We ate and laughed, we sang and prayed, we talked and were silent.
I was in such anxiety for this day to come. This worship to come. Things to happen. We ran into obstacles, but all ended up well. Music turned from a burden into an excellent opportunity. As the group entered the worship space Alanis Morrisette's "Still" was playing. This wasn't planned but just happened to be what was playing. One lady told me later "Alanis Morrisett was playing! I knew this was going to be awesome!" We sang to some 'campfire songs' and I lead one song accapella - rather stressfull, but it all seemed to be right.
The set-up was gorgeous. A circle of chairs, small tables with candles around a succoth (a bamboo booth). Fall leaves around and a transparency of jesus in stained glass projected on the wall.
We talked about wandering and being on a journey. I thought about my faith and how much it has changed since high school, how we've been wandering to make this worship experience happen. I thought about how I once thought that my vocational plan was set, but now seem to be in a state of restlessness.
Others talked about their frustration with being on a journey or wandering - they want a better map for their faith, they want more answers.
How scary it is to let yourself let go of what you *know*. What you believe is absolute truth, that you hold on to with all your might and defend to the end. To let go of that and embrace the unknown, with doubts and nothing concrete. All that is left is faith and experience.
The idea of going into faith with an open mind and heart for new possibilities, the same way we would go on a trip being open to new experiences.
So many ages were represented in our group of about 20 really surprised me - I didn't think as many seniors would be there and expected more 'baby boomers'. They brought a wealth of wisdom to the dialouge.

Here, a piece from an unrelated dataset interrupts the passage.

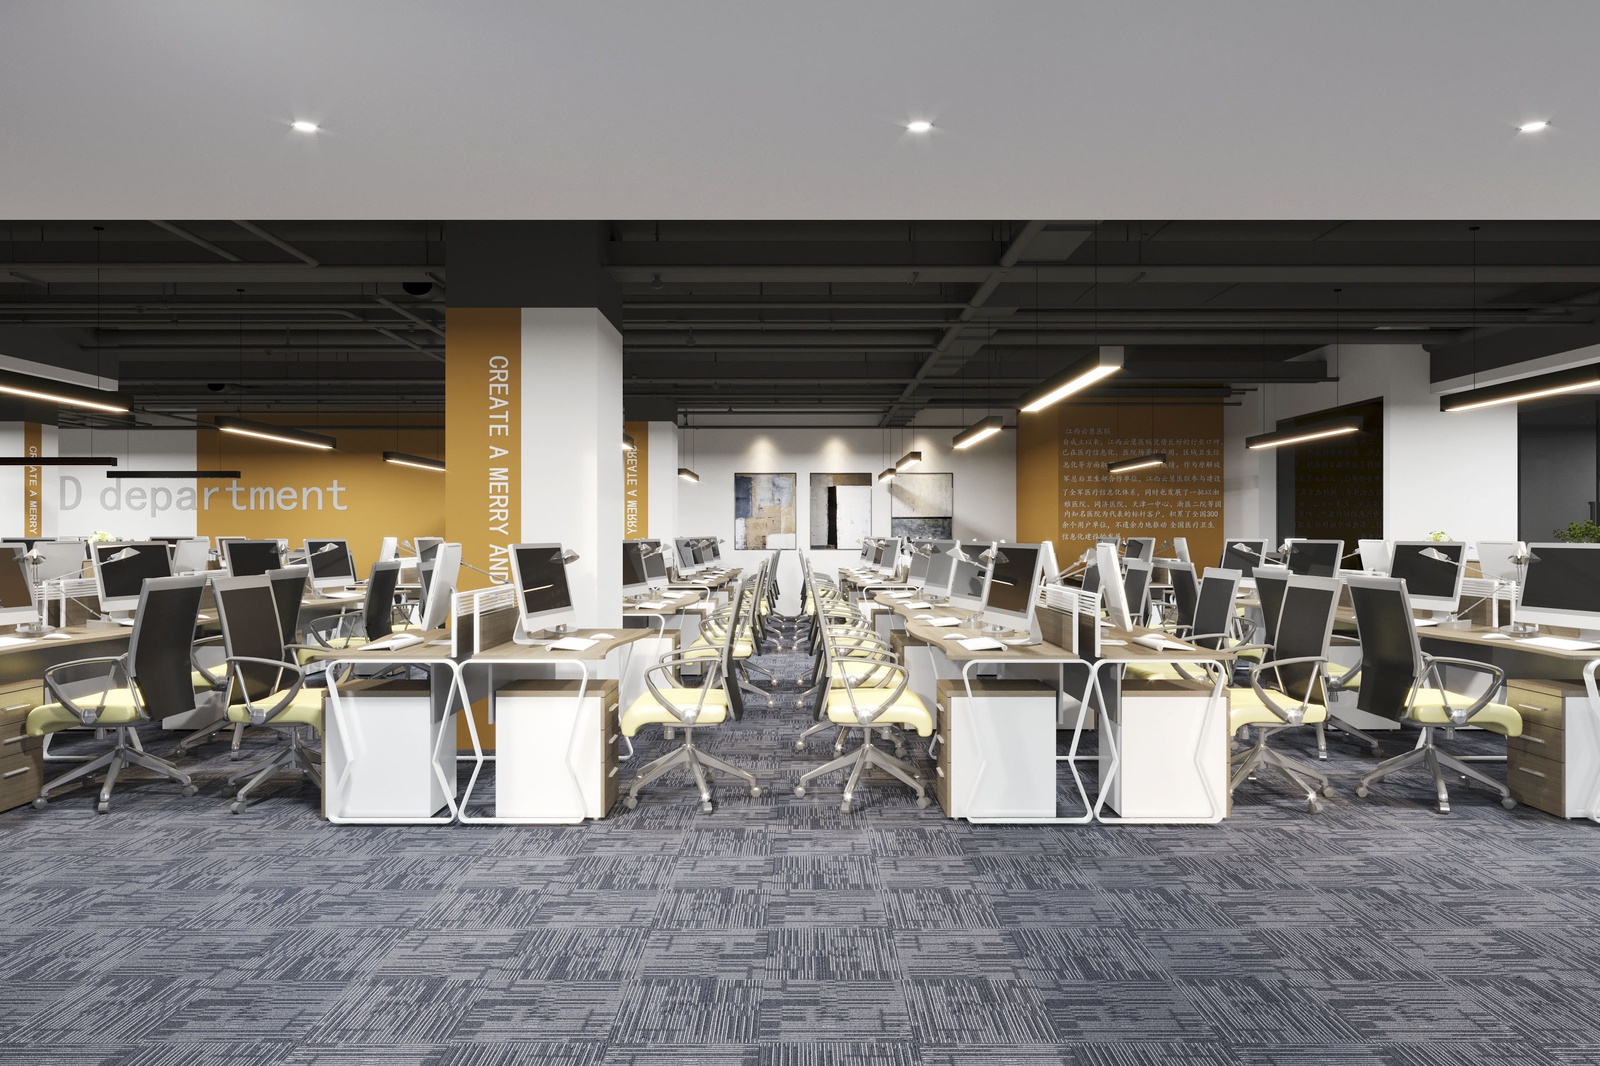 [Báo giá] Thiết kế thi công nội thất văn phòng cao cấp trọn gói tại Decox Design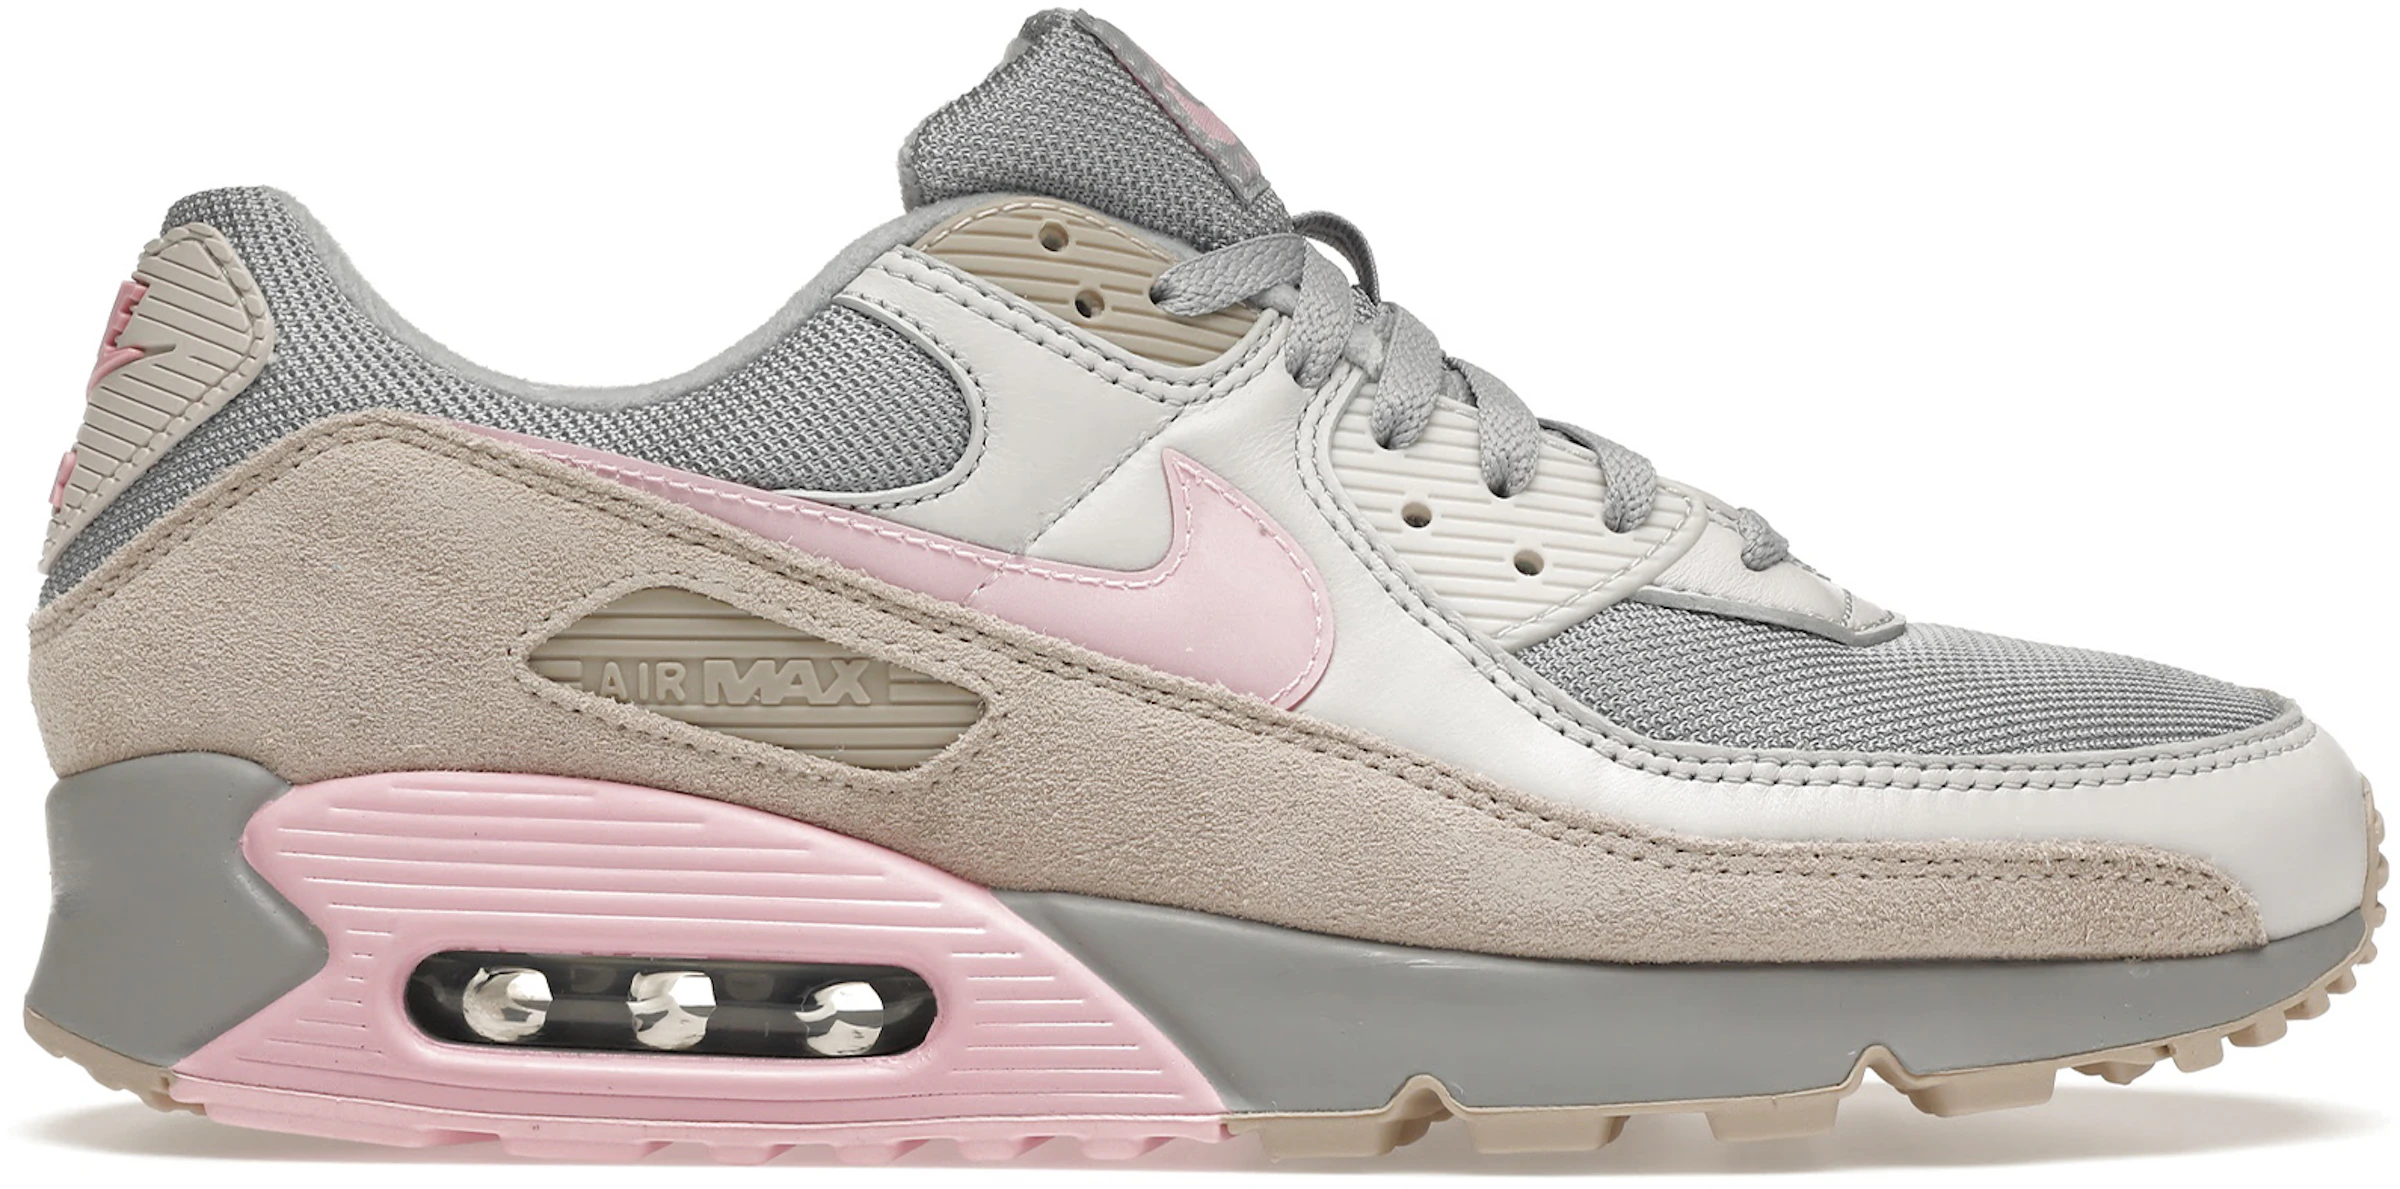 En Vivo entusiasta traición Nike Air Max 90 Vast Grey Pink - CW7483-001 - ES

...I am your brilliance and frustration, I'm the nuclear bombs if they're to hit, I'm your immaturaty and your indignance, I am your misfits and your praised, I am your doubt and your conviction, I am your grasping and expectation...And I love you still
We had an EPIC service, experiencial, participatory, image rich and connective. People really enjoyed everything, we had a meaningful discussion that inspired and energized me. I am so happy.
For the wonders that astound us, for the truths that still confound us, most of all that love has found us - THANKS BE TO GOD.